- Breed: Irish Sport Horse
- Sire: Glenbar (Irish Sport Horse)
- Grandsire: Bahrain (Thoroughbred)
- Dam: Awkward Brief Mare
- Maternal grandsire: Awkward Brief
- Sex: Gelding
- Foaled: April 25, 1986 in Ireland
- Died: September 3, 2015 The Plains Virginia (age 29)
- Country: United States
- Colour: Dark bay, off hind sock
- Owner: Jacqueline Mars, Stonehall Farm
- Trainer: David O'Connor

= Giltedge =

Event horse

Giltedge was a Irish Sport Horse that was ridden by American David O'Connor at the international level in the sport of eventing.

Giltedge, formally known as Giltex, was bought by Jackie Mars from Irish eventer Eric Smiley as a mount for American rider David O'Connor. Although described by his rider as being less inherently gifted when compared to some of his stable mates (such as Custom Made), Giltedge's work ethic helped him to succeed.

Giltedge's first three-day in the United States was the 1994 Fair Hill. The event ended in disaster when a misjudged take-off distance from the obstacle resulted in a fall for O'Connor. During the pair's second three-day, the gelding caught his leg on a fence and flipped, leading to a punctured lung for his rider. It wasn't until their third three-day, at the 1995 Fair Hill, where Giltedge showed his ability, finishing second by 0.1 penalties. After that event, the horse would never be out of the top ten placings.

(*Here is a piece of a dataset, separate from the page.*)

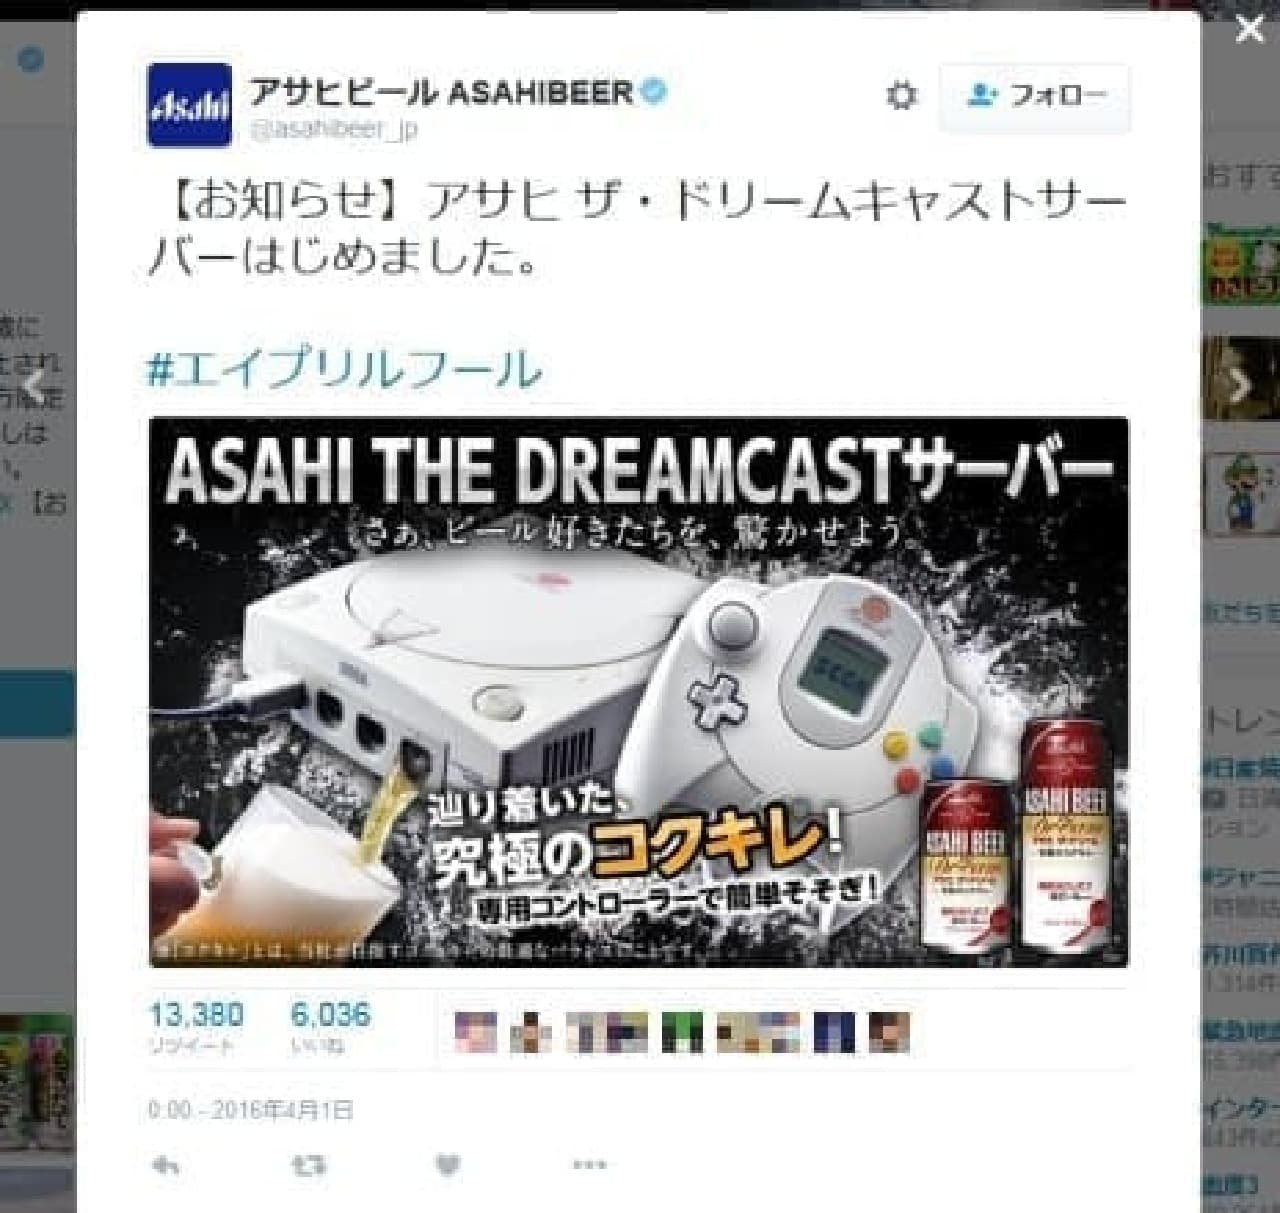 Beer from a home video game console !? (The image is a tweet from Asahi Breweries)

Giltedge was selected for the United States eventing team for the 1996 Olympics in Atlanta. A good dressage test combined with a clean cross-country and stadium round, helped the team to clinch the silver medal by two penalties—the country's first eventing team medal in an Olympics or World Championship in 12 years. Giltedge also competed four years later at the 2000 Sydney Olympics, as part of the bronze medal team.

Giltedge's final three-day was the 2002 World Equestrian Games held in Jerez, Spain. The gelding was the first American horse on cross-country, and the course was found to be quite slick. A lack of traction due to studs that were too small, resulted in O'Conner's decision to slow down, so as to prevent a fall. Unfortunately, the pair finished with 30.40-time faults. However, a clear stadium round, one of only 5 in the competition, helped the United States capture a long-awaited team gold.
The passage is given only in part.